(DATASET EXCERPT Opens)

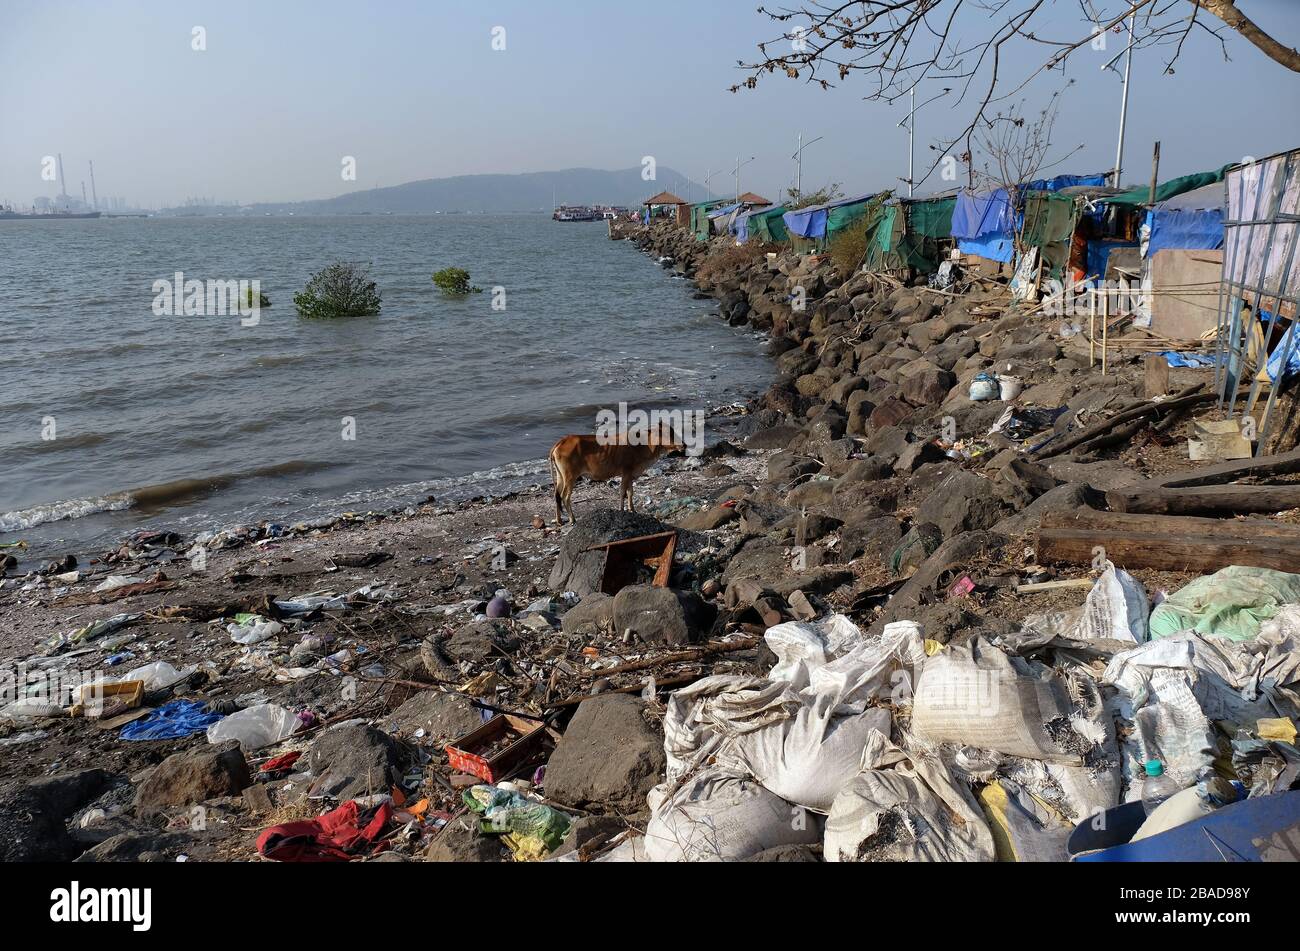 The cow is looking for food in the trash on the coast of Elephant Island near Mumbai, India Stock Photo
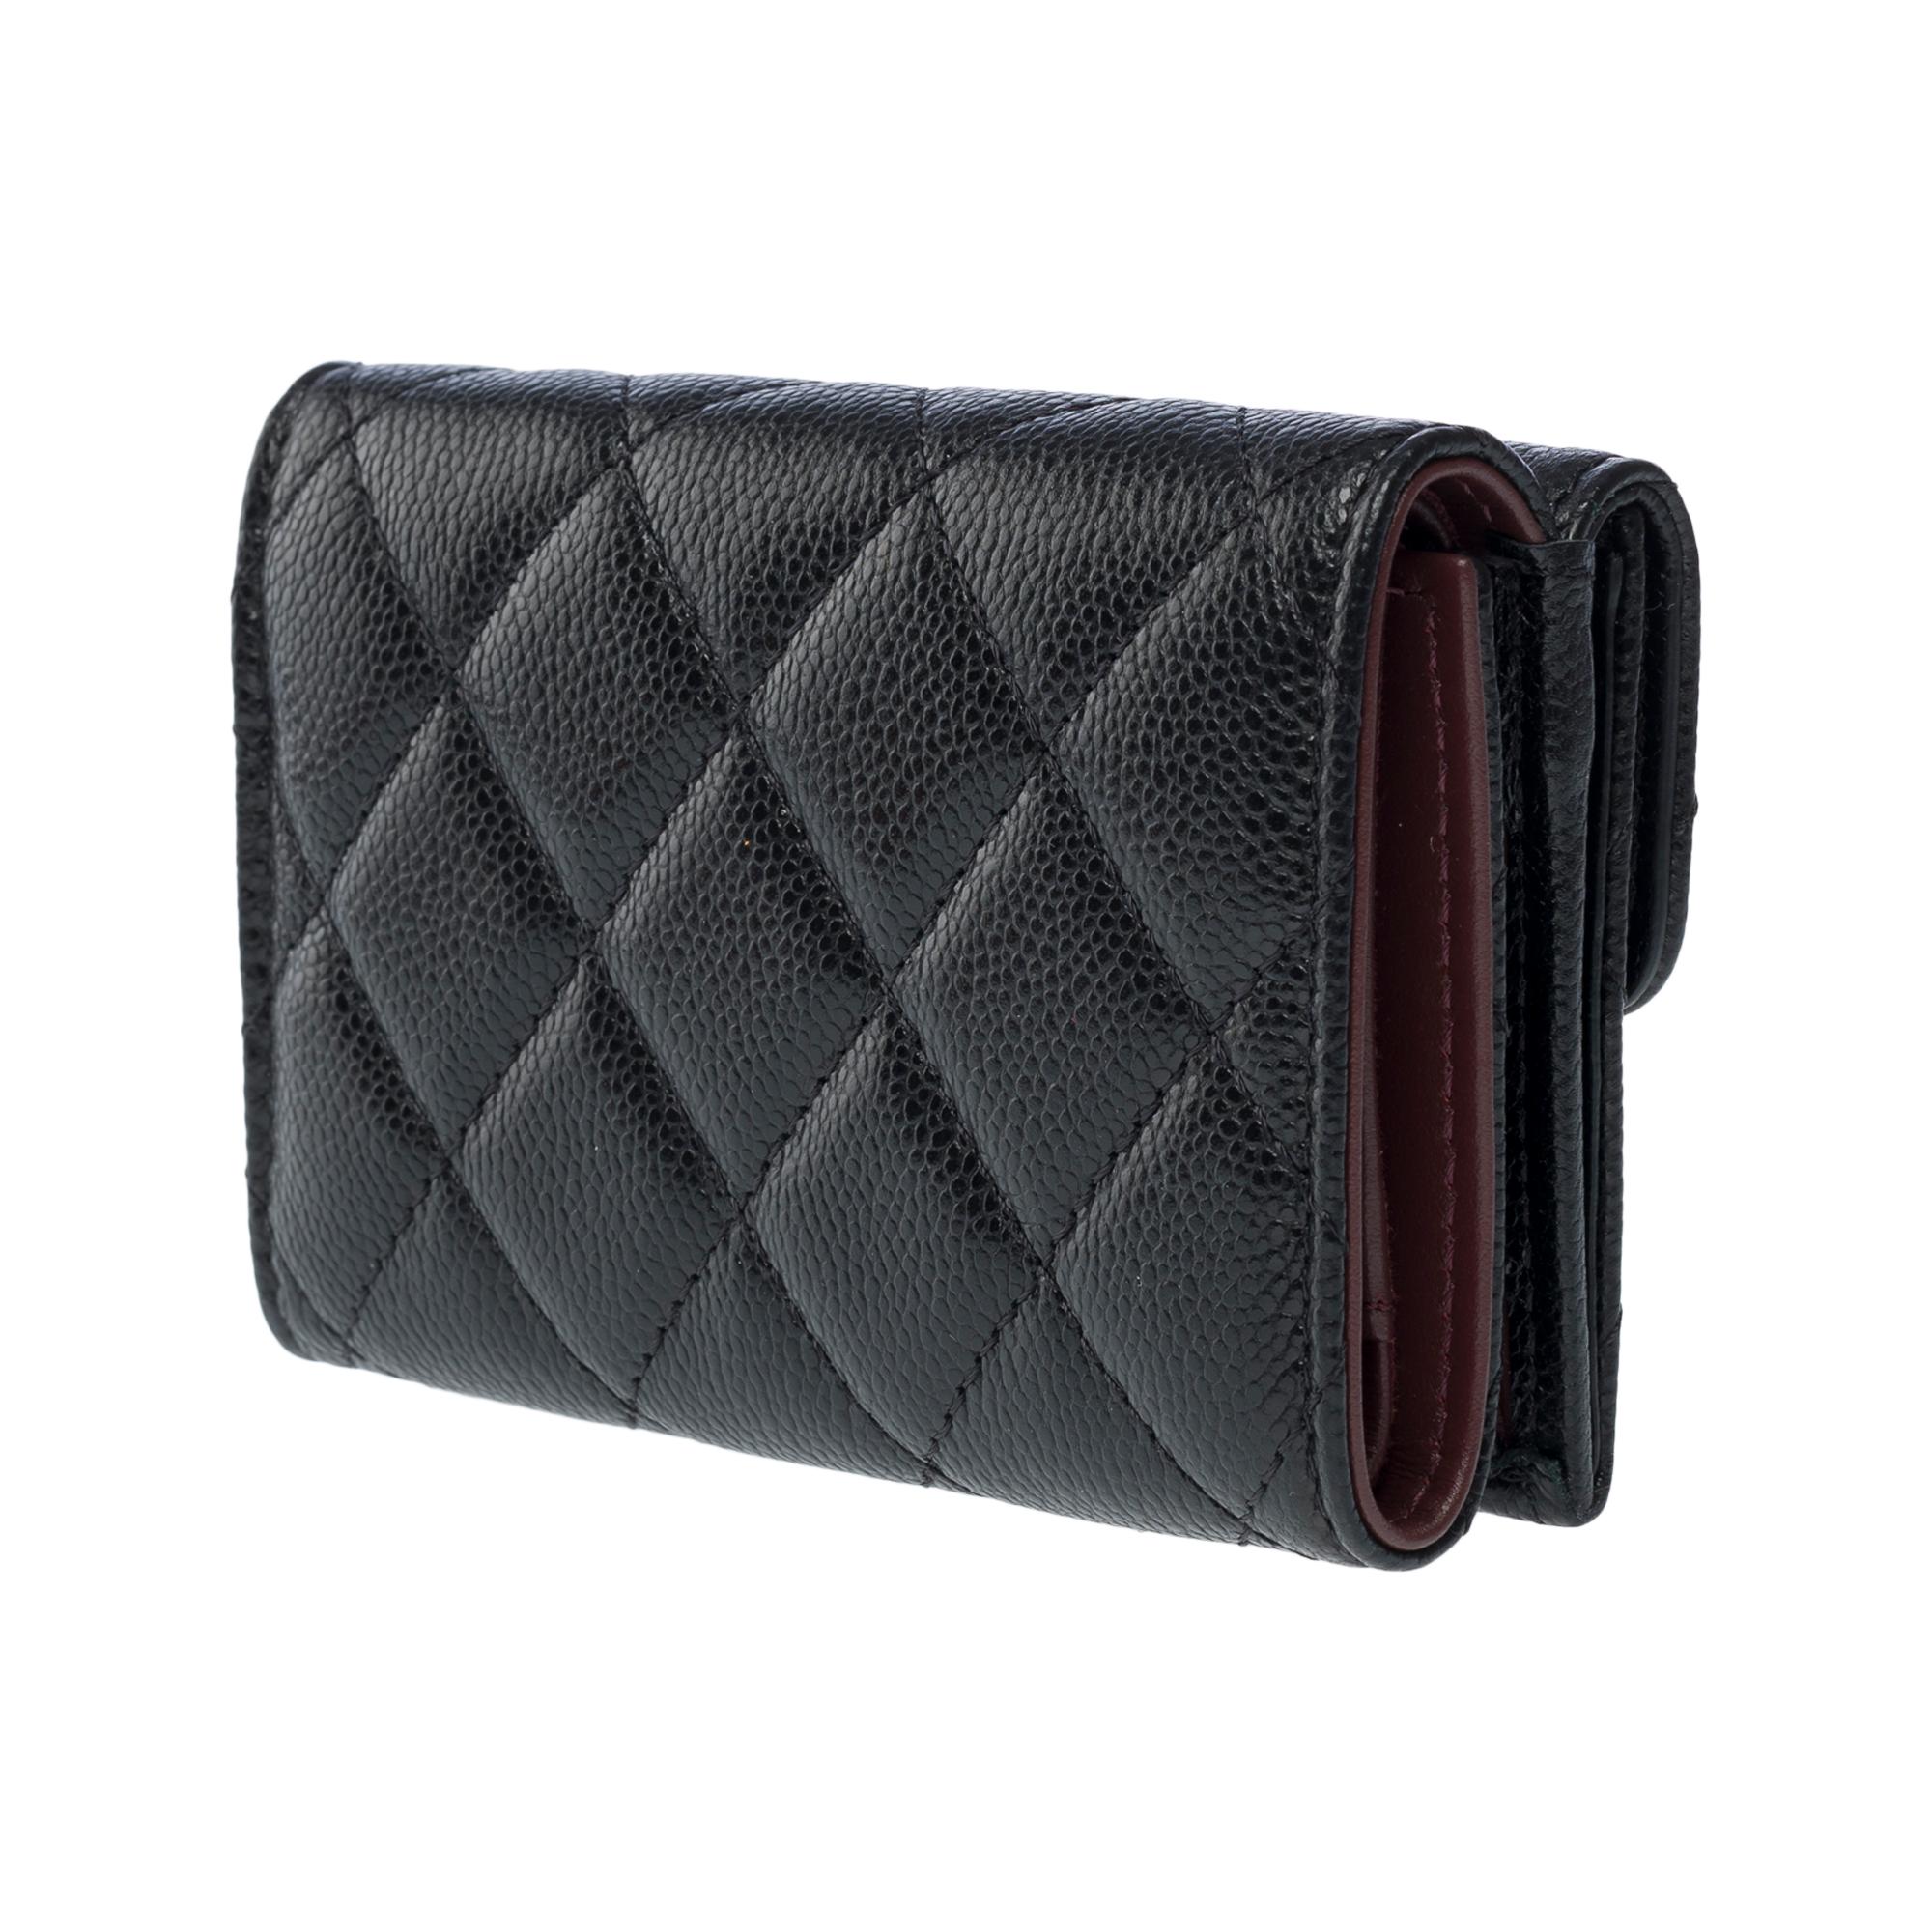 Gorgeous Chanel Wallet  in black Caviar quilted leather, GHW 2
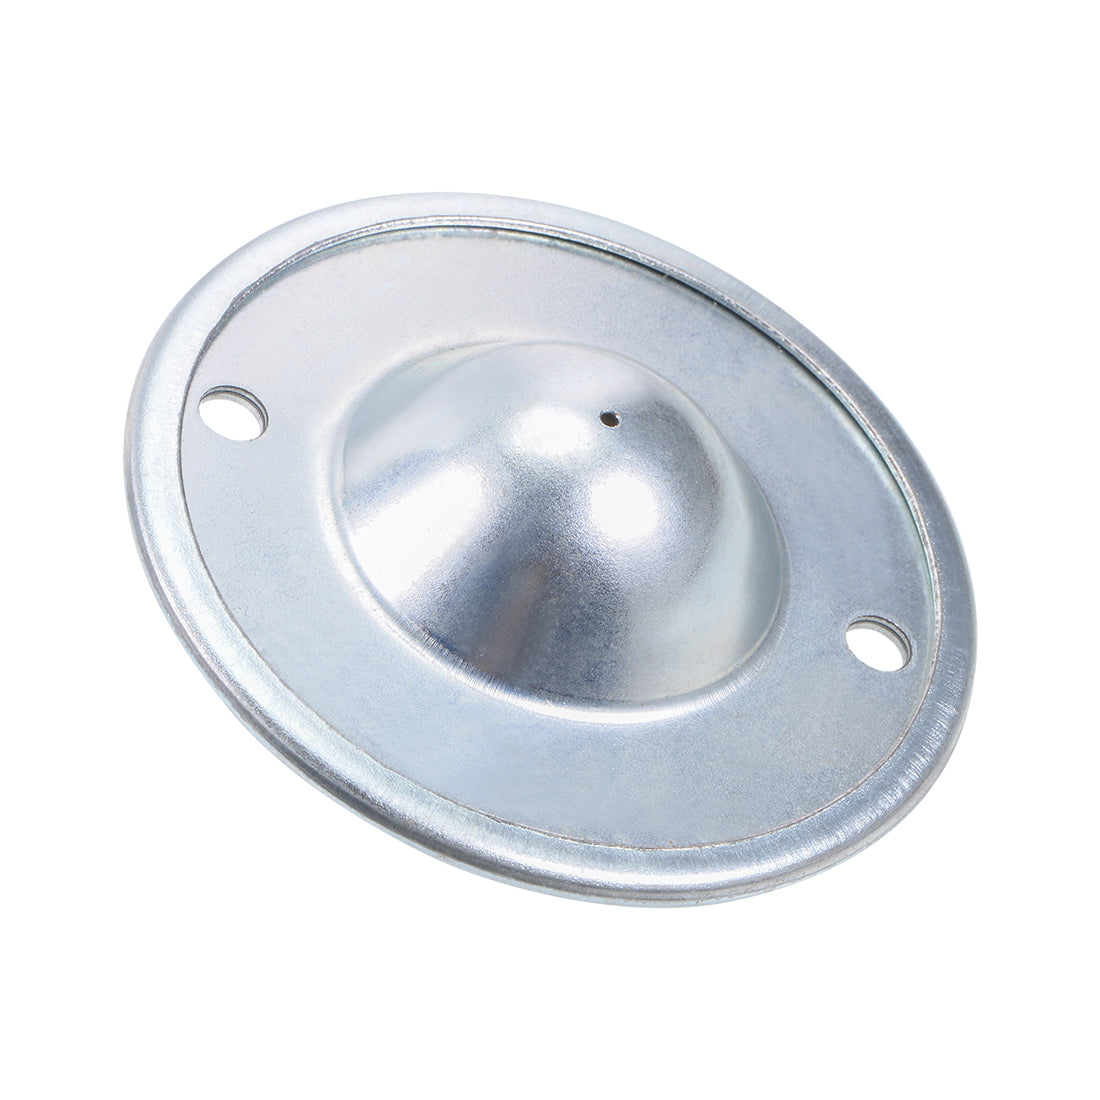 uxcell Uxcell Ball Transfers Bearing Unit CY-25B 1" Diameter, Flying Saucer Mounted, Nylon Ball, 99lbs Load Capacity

(DATASET EXCERPT Closes)

(REQUIRED WORK):
Could you print the listing above word for word, without its pictures?

(ANSWER TO THE PROBLEM):
 The cow is looking for food in the trash on the coast of Elephant Island near Mumbai, India Stock Photo
 Gorgeous Chanel Wallet  in black Caviar quilted leather, GHW 2
 uxcell Uxcell Ball Transfers Bearing Unit CY-25B 1" Diameter, Flying Saucer Mounted, Nylon Ball, 99lbs Load Capacity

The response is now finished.